What the task requires:
Return the listing in full and exactly, but without a single picture.

Source data:
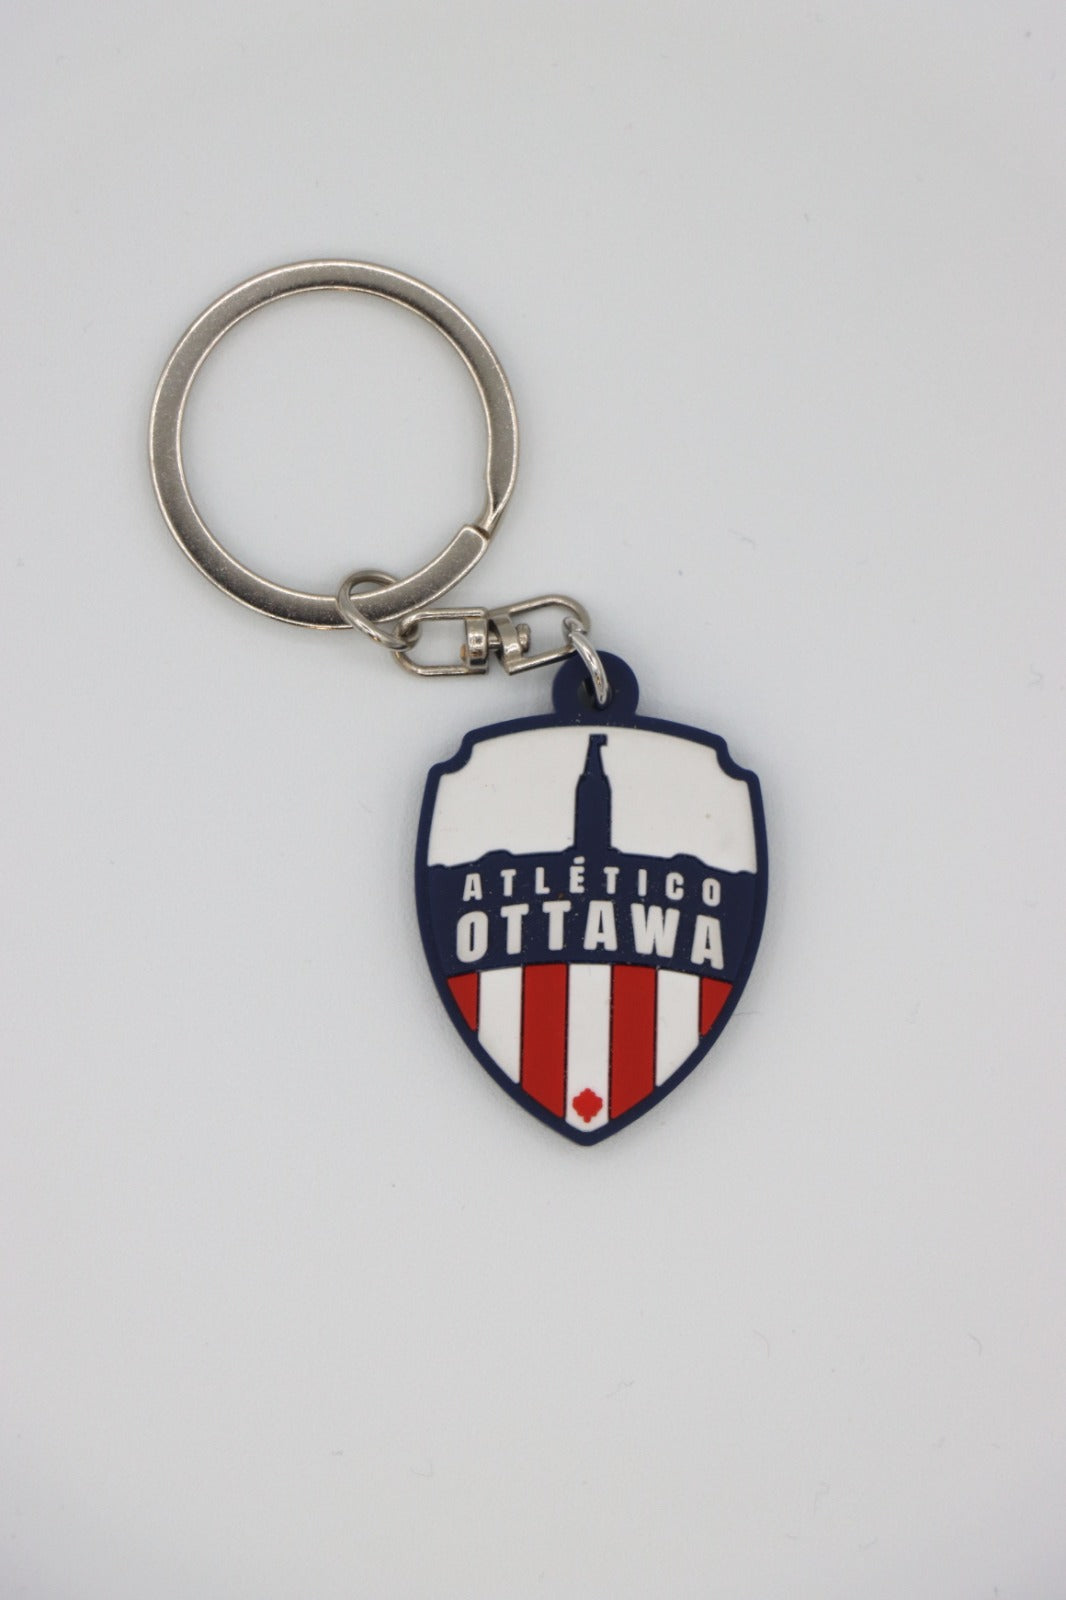 Atletico Ottawa Logo Key Chain
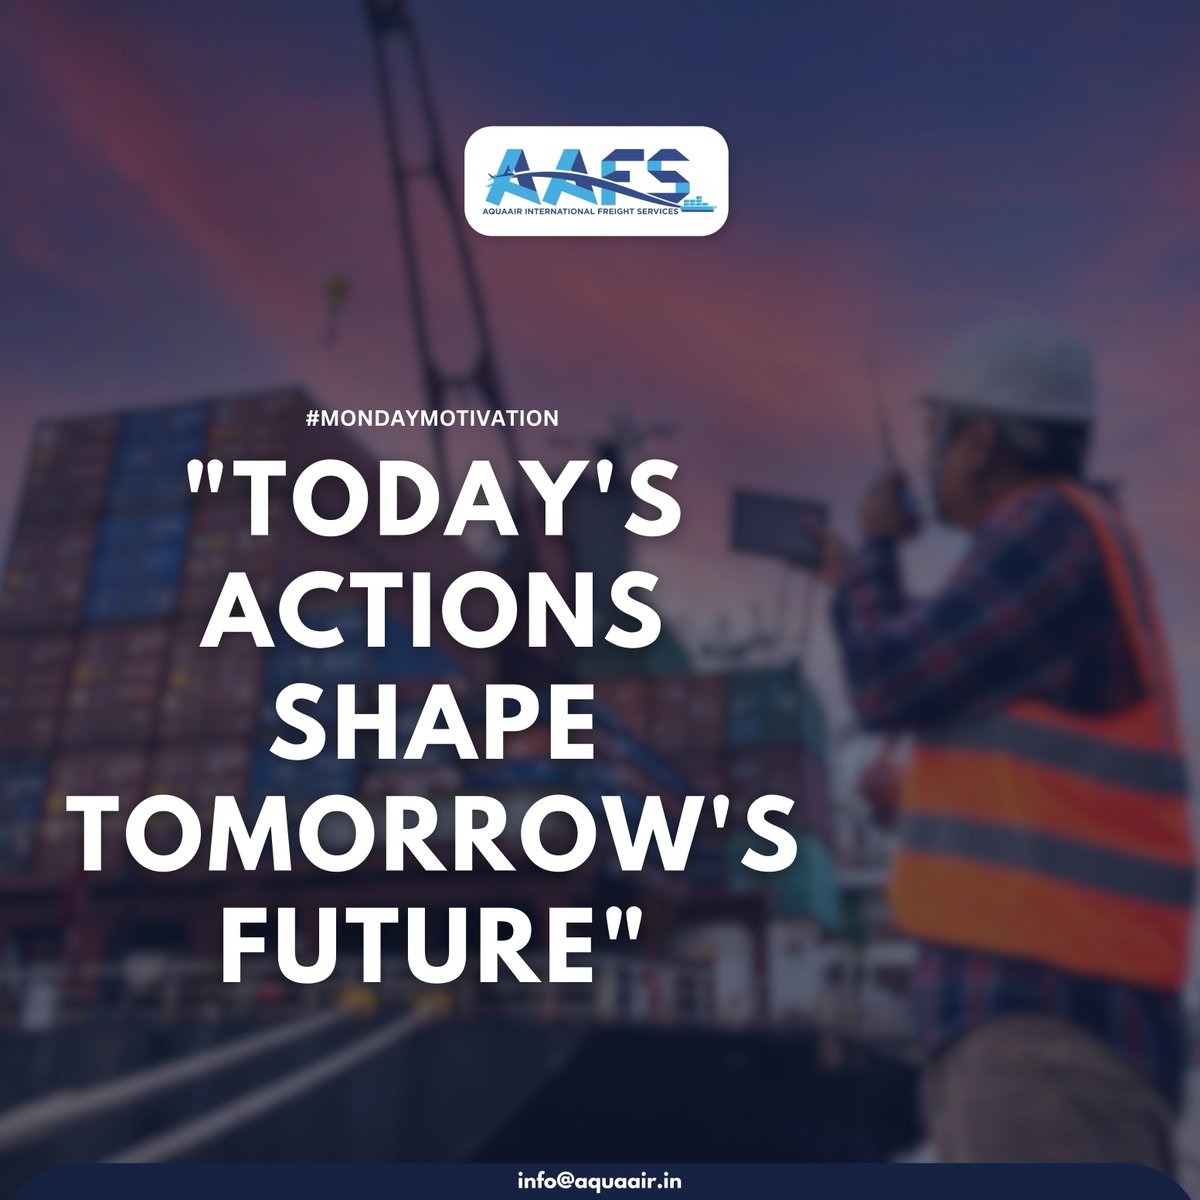 'Charting a Promising Path: Today's Actions Shape Tomorrow's Future'

#mondaymindset #freightforwarding #logistics #shipping #airfreight #aquaair #cargo #seafreight #export #import #aafs #AAFS

Solution to the exercise:
 Atletico Ottawa Logo Key Chain
 'Charting a Promising Path: Today's Actions Shape Tomorrow's Future'

#mondaymindset #freightforwarding #logistics #shipping #airfreight #aquaair #cargo #seafreight #export #import #aafs #AAFS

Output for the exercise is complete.